**Description of the task:**
An exact copy is needed of the lines in the entries below from the line with "Anakena Ona Special" up to and including the line with "healing-hands-bridging-bg@2x.jpg", and of nothing else. Leave the pictures out.

**Records for this exercise:**
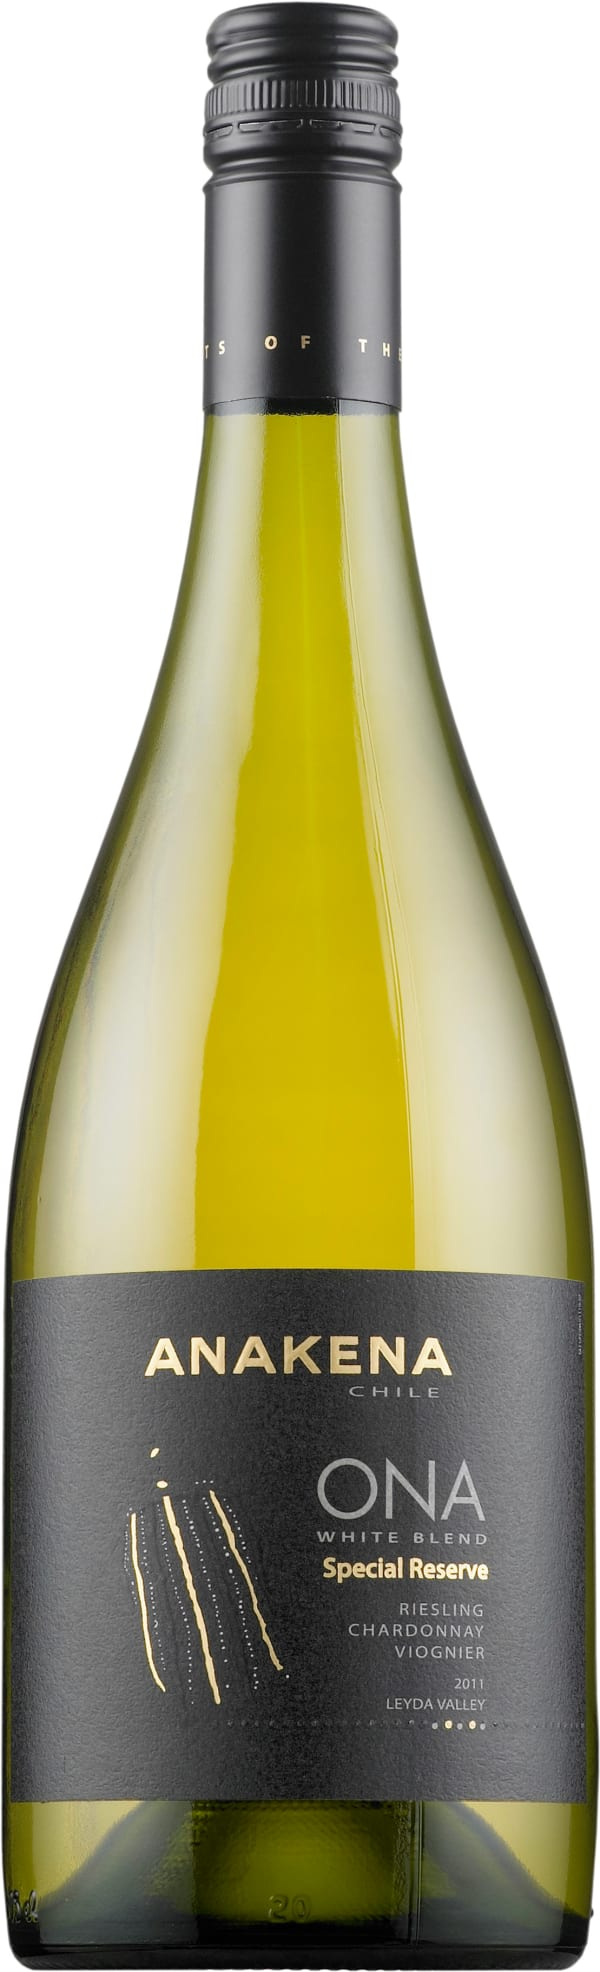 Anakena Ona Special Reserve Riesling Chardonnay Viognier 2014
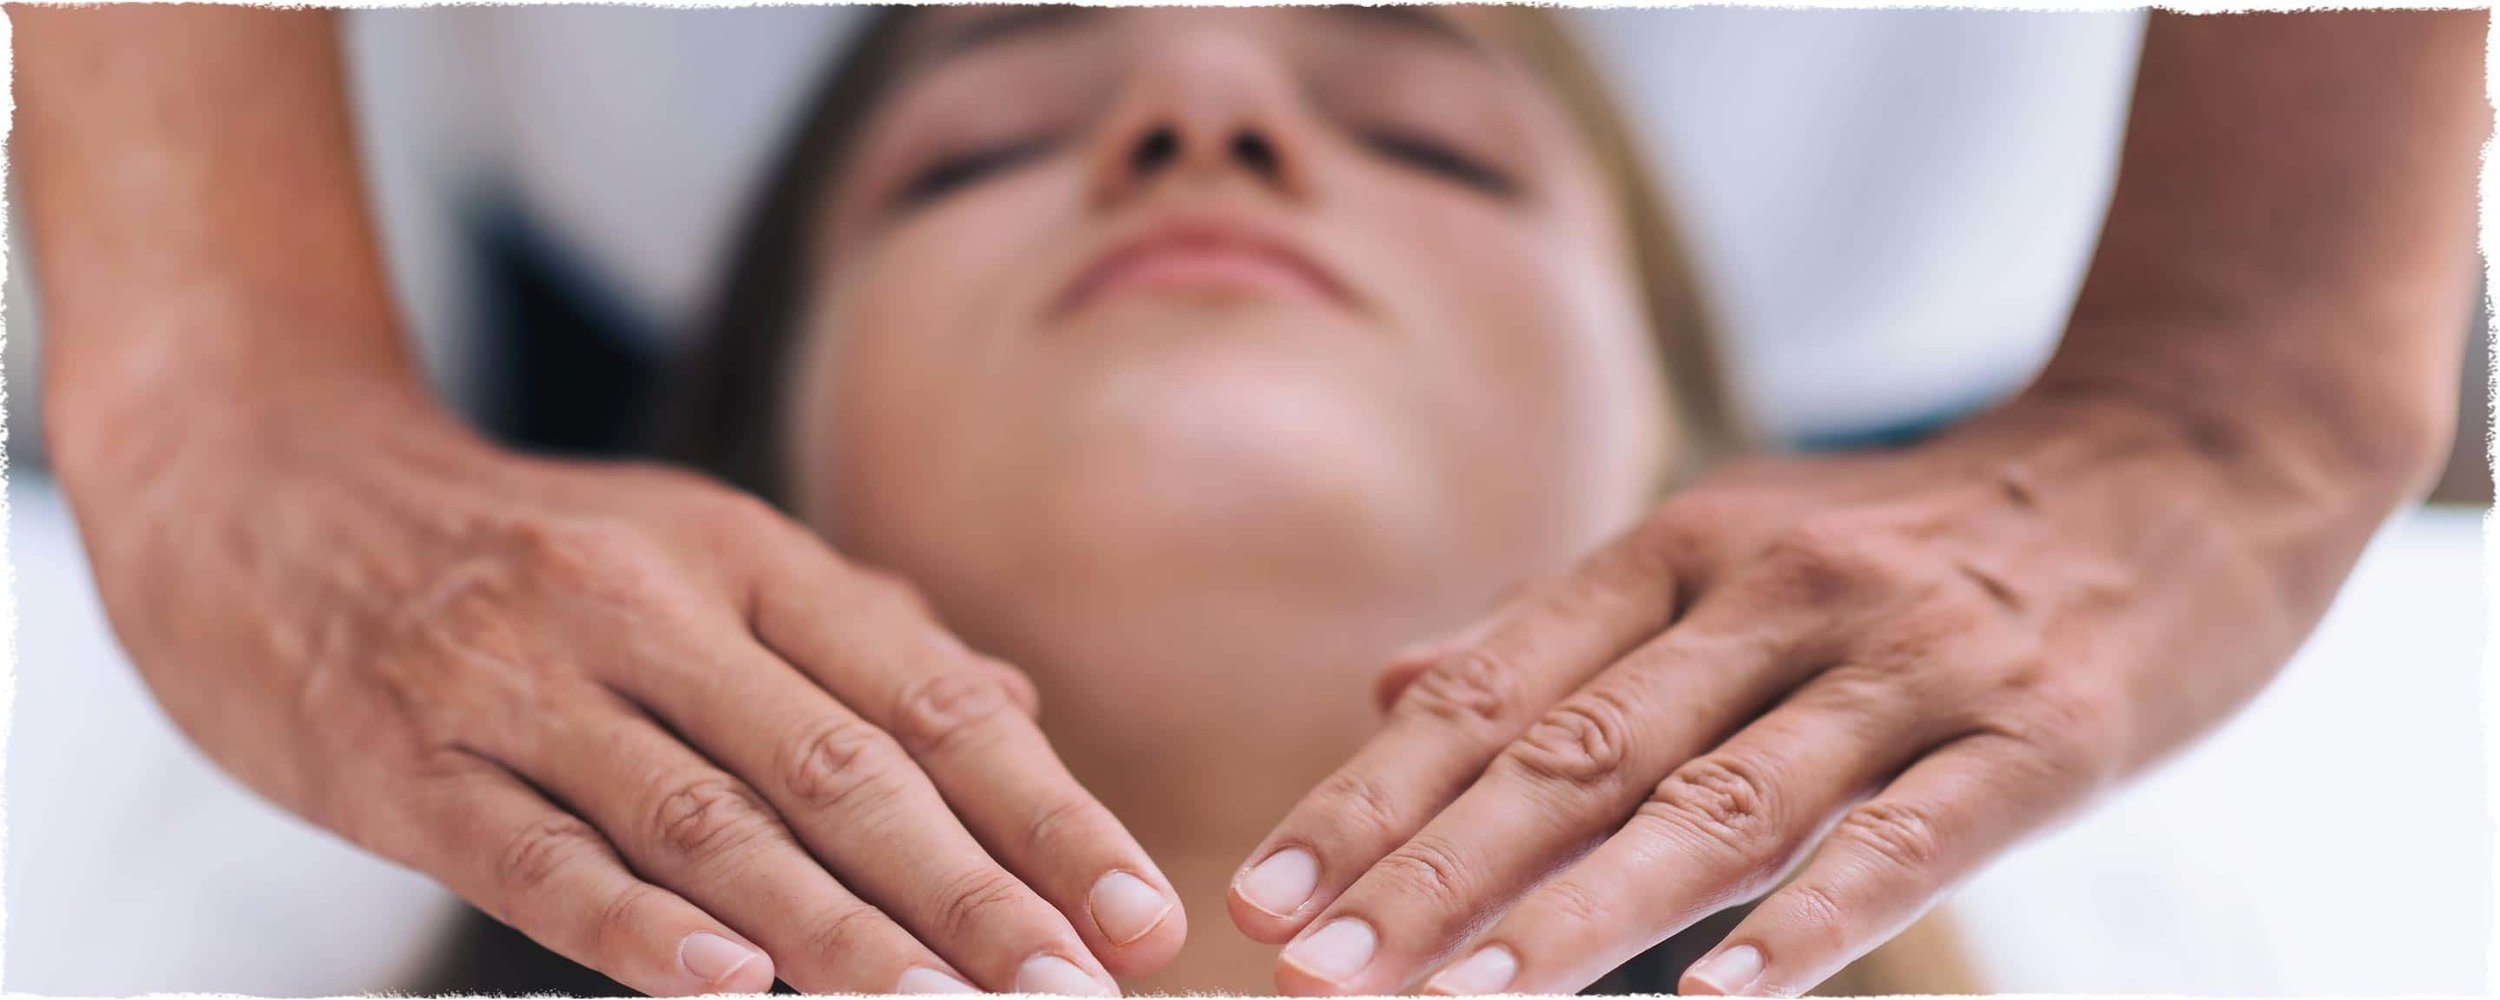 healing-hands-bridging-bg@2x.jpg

...

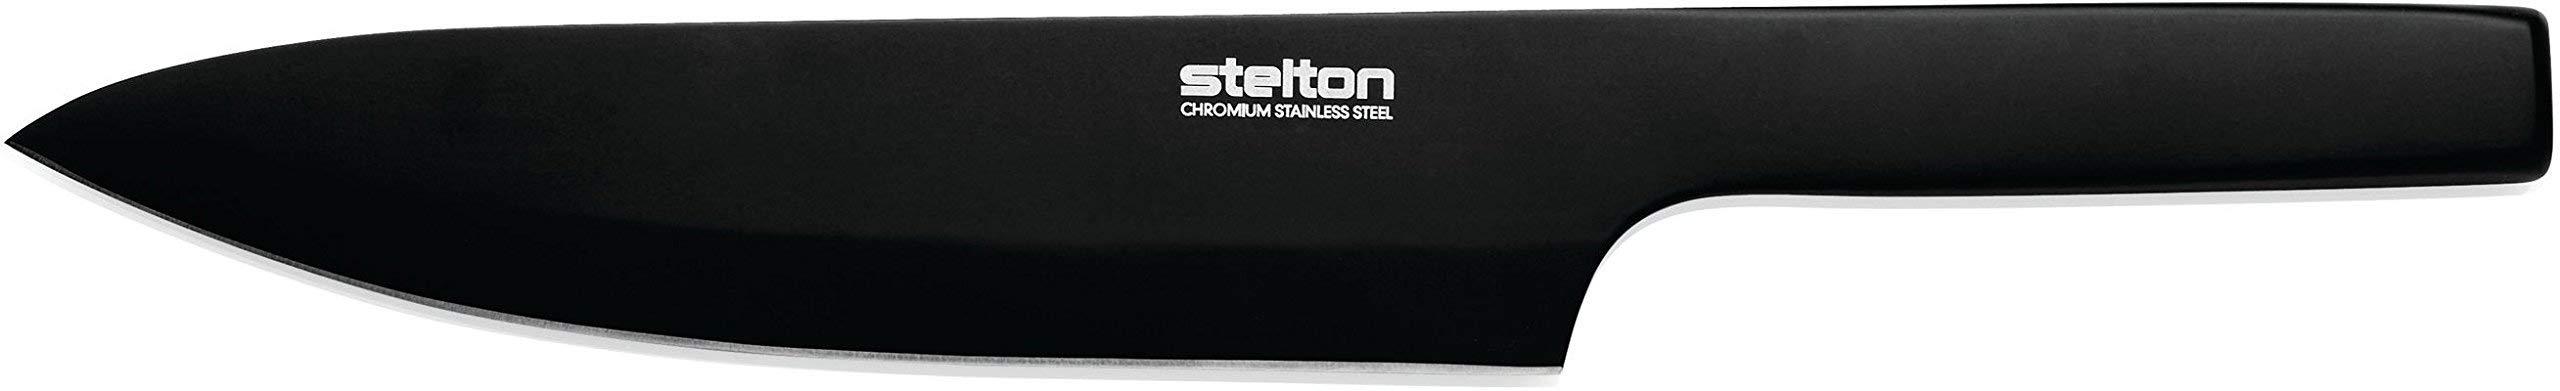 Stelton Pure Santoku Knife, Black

* * *

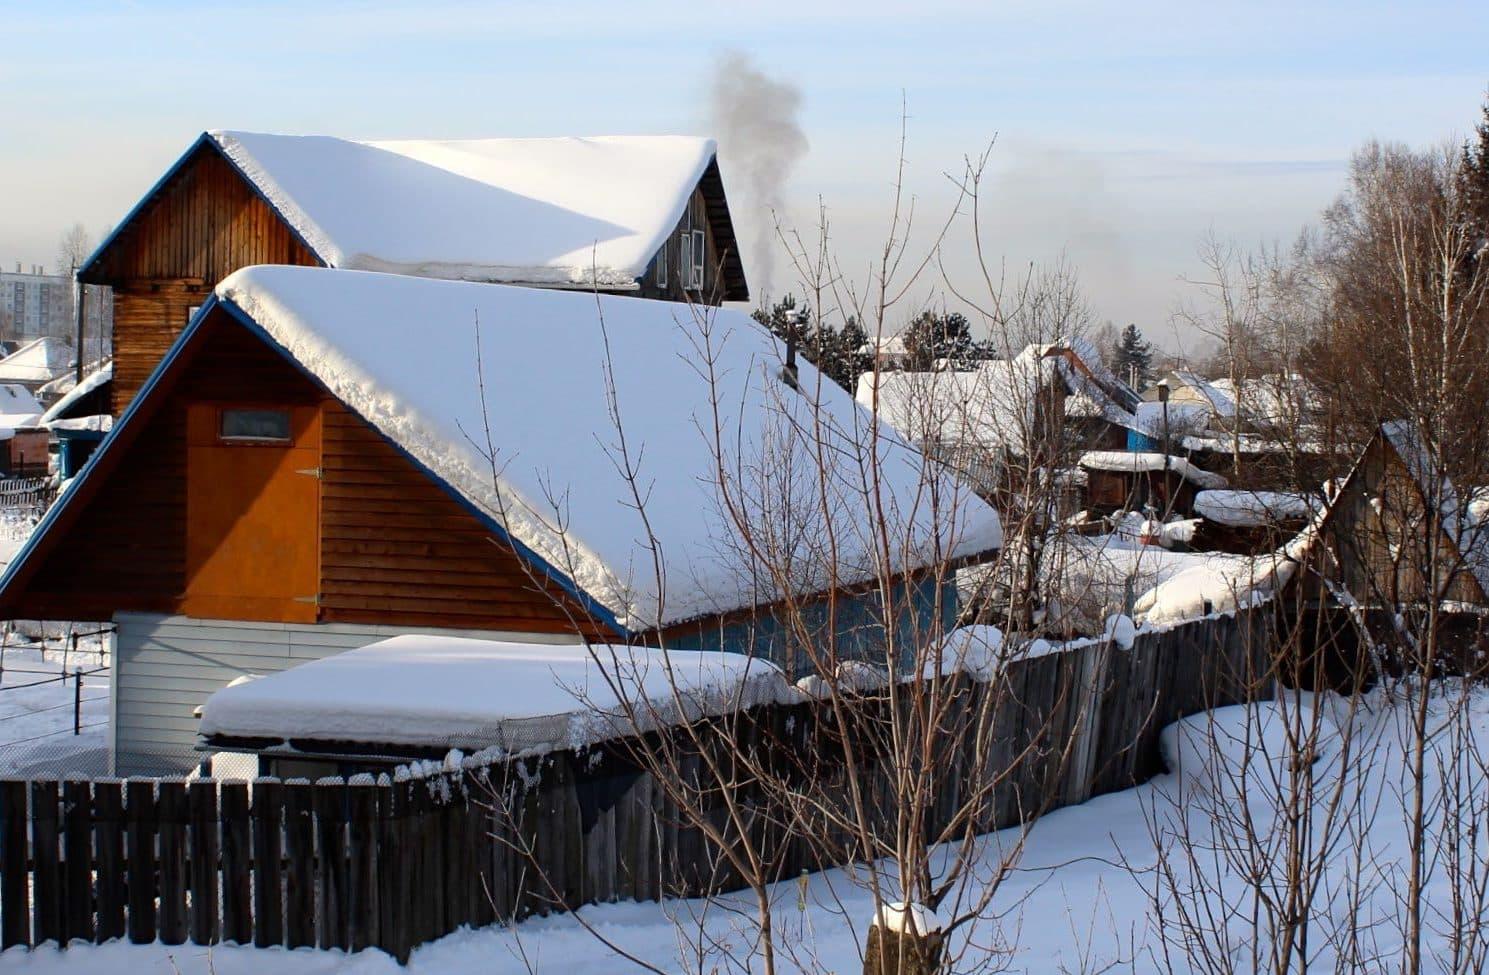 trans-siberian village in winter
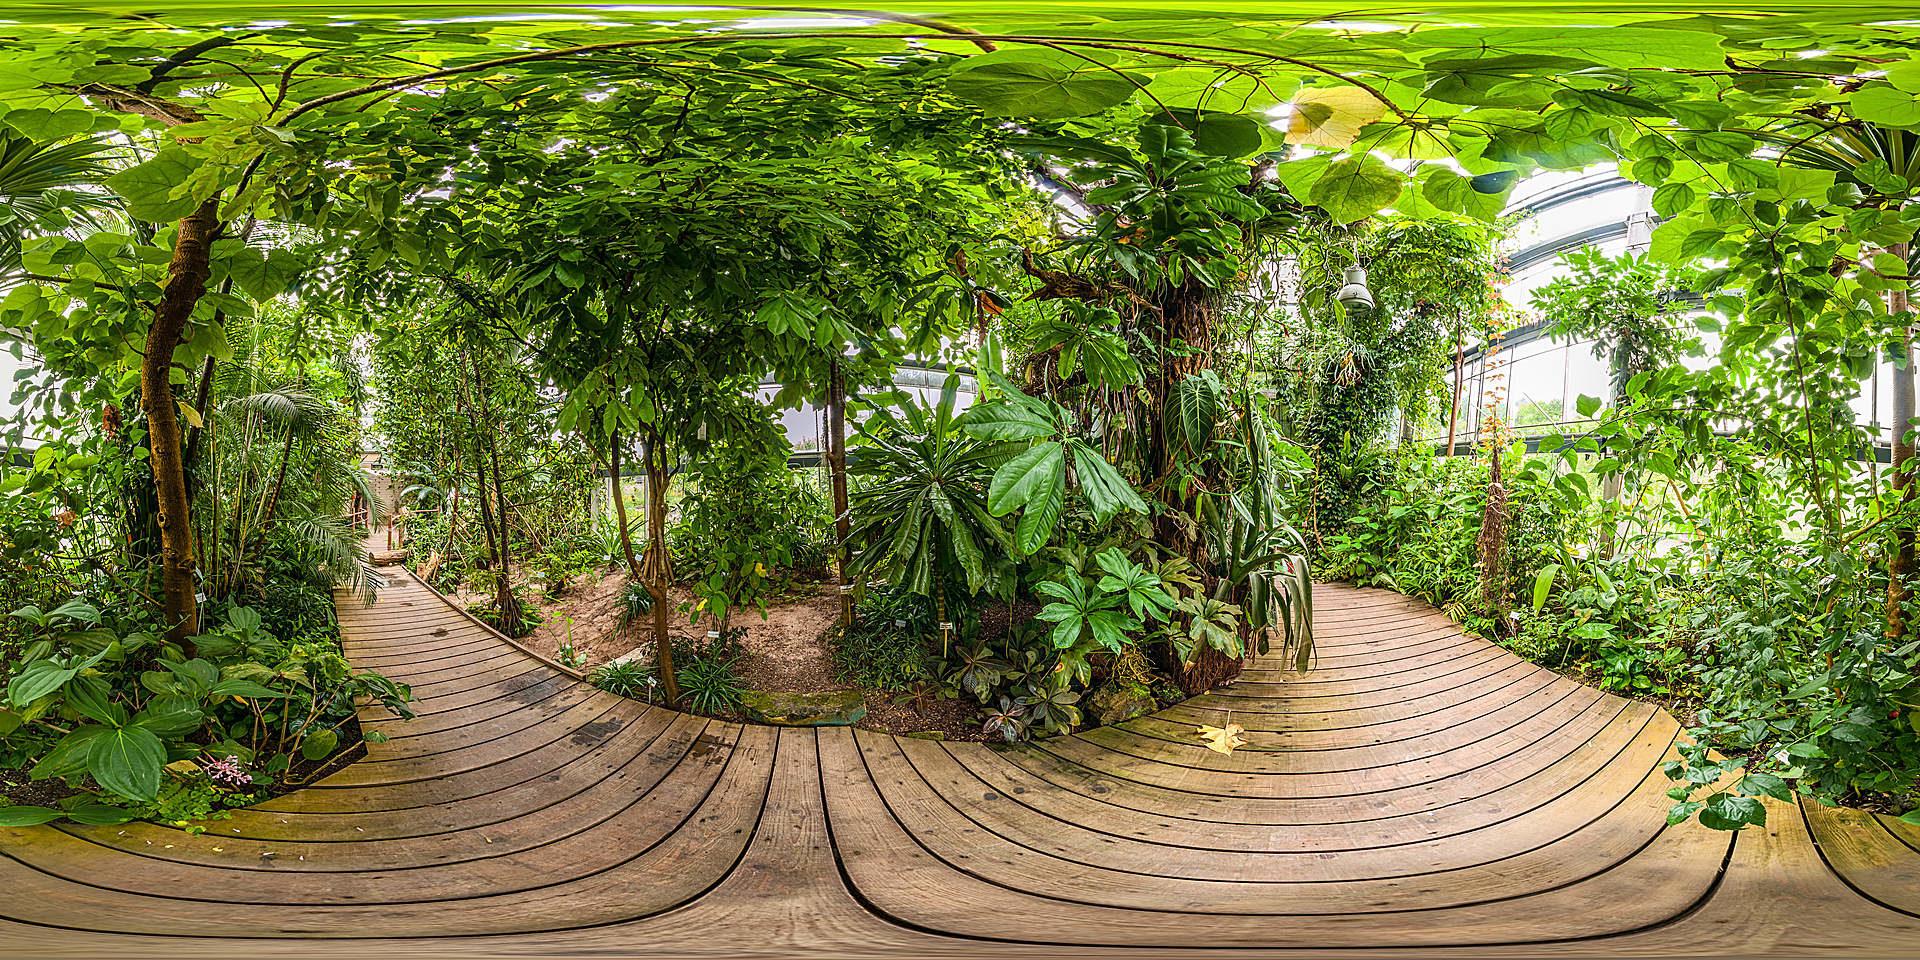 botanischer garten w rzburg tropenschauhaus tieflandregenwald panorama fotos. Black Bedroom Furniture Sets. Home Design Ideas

**Exercise response:**
 Anakena Ona Special Reserve Riesling Chardonnay Viognier 2014
 healing-hands-bridging-bg@2x.jpg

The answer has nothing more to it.